Если в некоторых атласах по античной нумизматике и можно в настоящее время встретить разбивку материала чуть ли не по полустолетиям, то защищать и рекомендовать такую дробную периодизацию не приходится, так как грани периодов в этом случае в значительной мере субъективны, и добиться единомыслия в распределении материала по таким многочисленным периодам мало надежды. Остановлюсь здесь только на такой общей периодизации, котдрую можно считать прочно установленной и грани которой бесспорны. Речь идет о делении на периоды: 1) архаический — от возникновения монеты на границе VIII и VII вв. до битвы при Марафоне, 2) классический — от битвы при Марафоне до завоеваний Александра Македонского, 3) эллинистический — от Александра до битвы при Акциуме и 4) императорский — от возникновения принципата до правления Анастасия (491—518 гг.) и его реформы монетного дела. События, признаваемые нами за грани периодов, едва ли требуют комментариев. Что же касается правления Анастасия, как конечного предела последнего периода, то на этой дате приходится остановиться потому, что только с его реформой медной монеты византийское монетное дело получает признаки, отличающие его от позднеримского. Эту периодизацию я имел в виду, говоря о весах монет, о номиналах, о развитии монетных типов и надписей.

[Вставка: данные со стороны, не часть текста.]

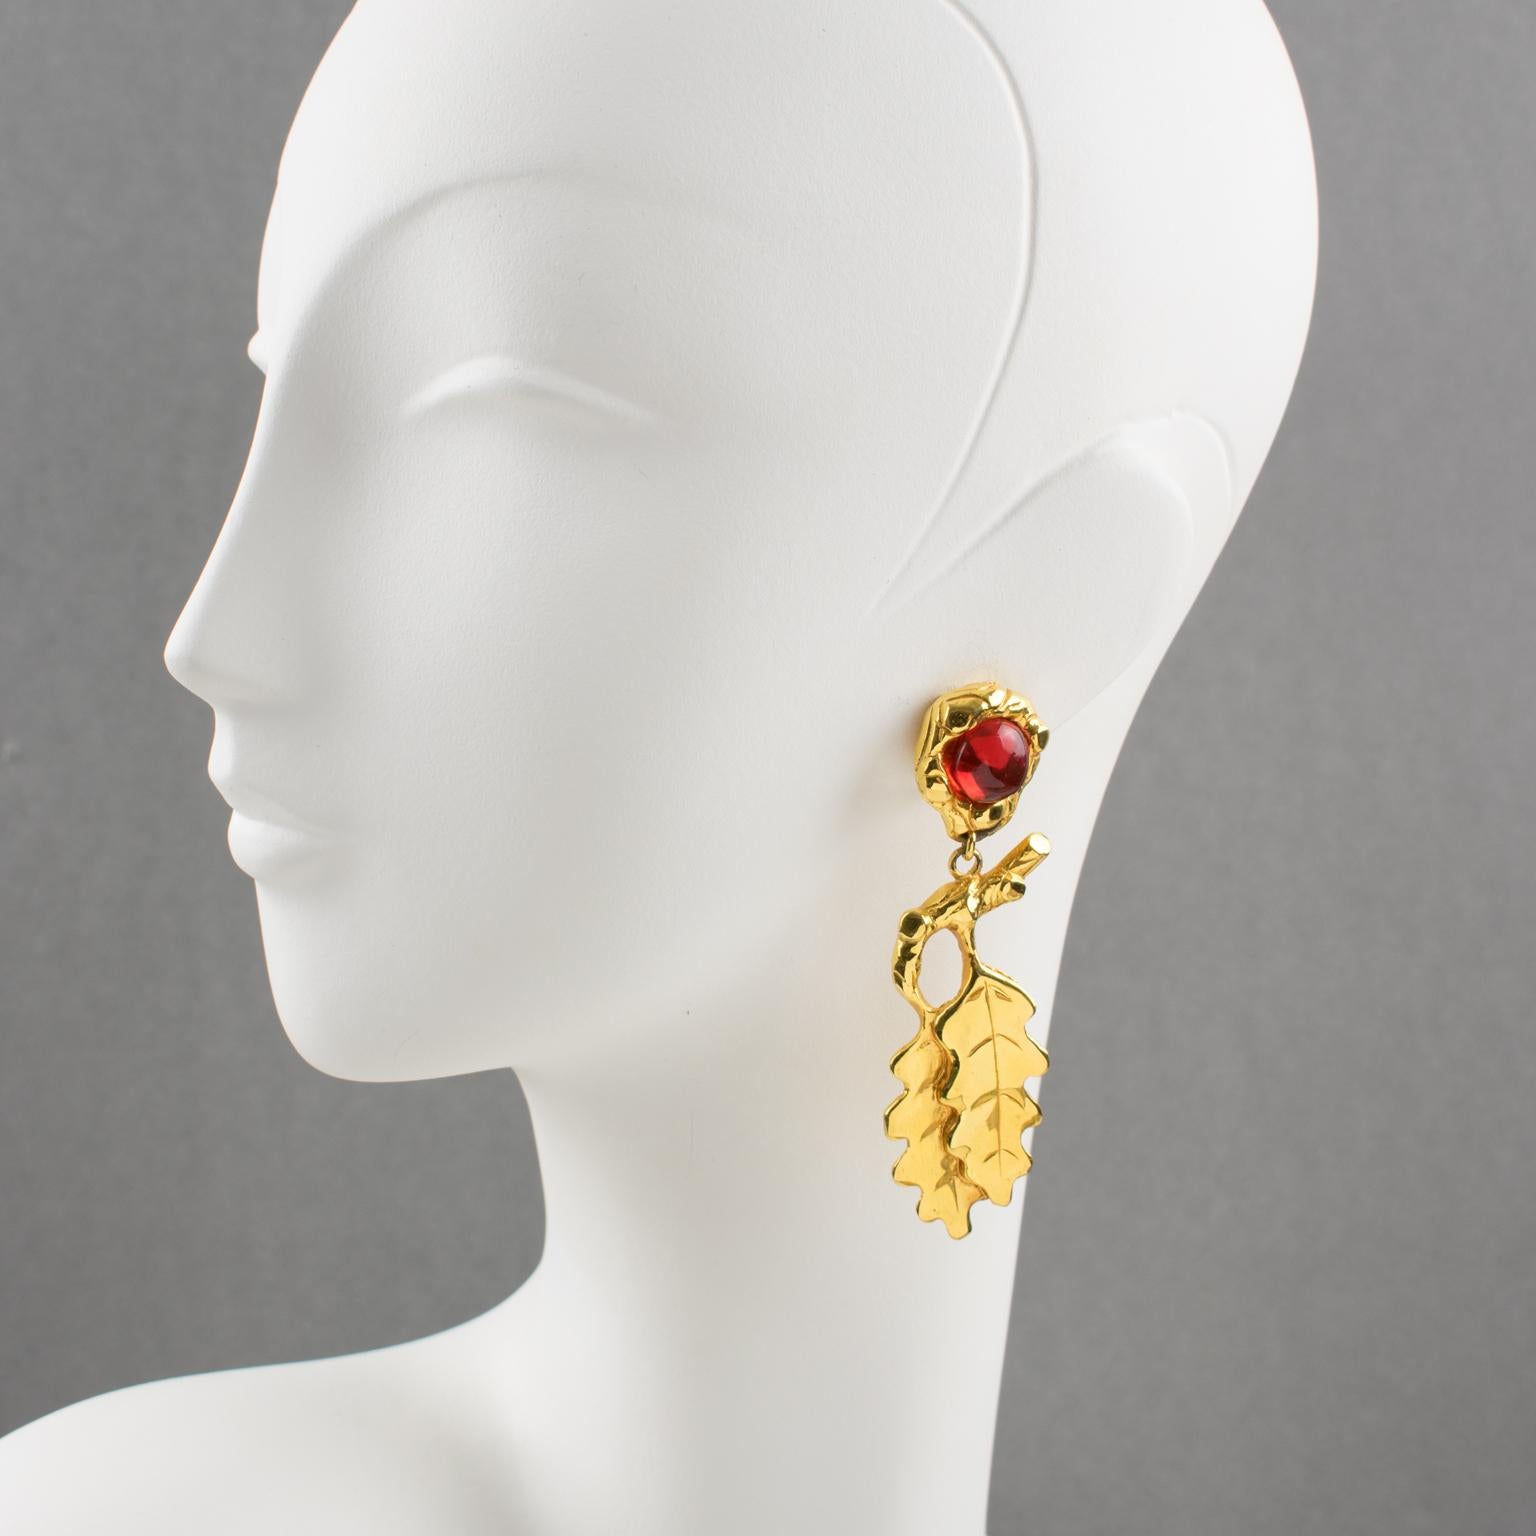 Oversized clip-on earrings by Ines de la Fressange Paris. Dangling shape, with gilt metal all carved and textured featuring oak leaves compliment with amber resin cabochon. Signed underside with Ines de la Fressange gilt logo tag:

Надеюсь, что в этих обзорах основные линии развития по эпохам наметились, и сейчас достаточно будет лишь в самой сжатой форме дать характеристику монет каждого из намеченных периодов, напомнив их основные отличительные признаки.
I. Архаический период. Форма монеты часто неправильная. Монета односторонняя. Тип имеется только на лицевой стороне, оборотная сторона представляет quadratum incusum. Двусторонние монеты встречаются как исключение к концу периода в Афинах и в Коринфе. Типы монет просты: неодушевленные предметы, фигуры животных и людей, изредка человеческие головы. Надписи — только имена городов — редки и большей частью ограничиваются одной-двумя начальными буквами имени города. Металлы: электр или серебро, к концу периода присоединяется золото (тб. I—III).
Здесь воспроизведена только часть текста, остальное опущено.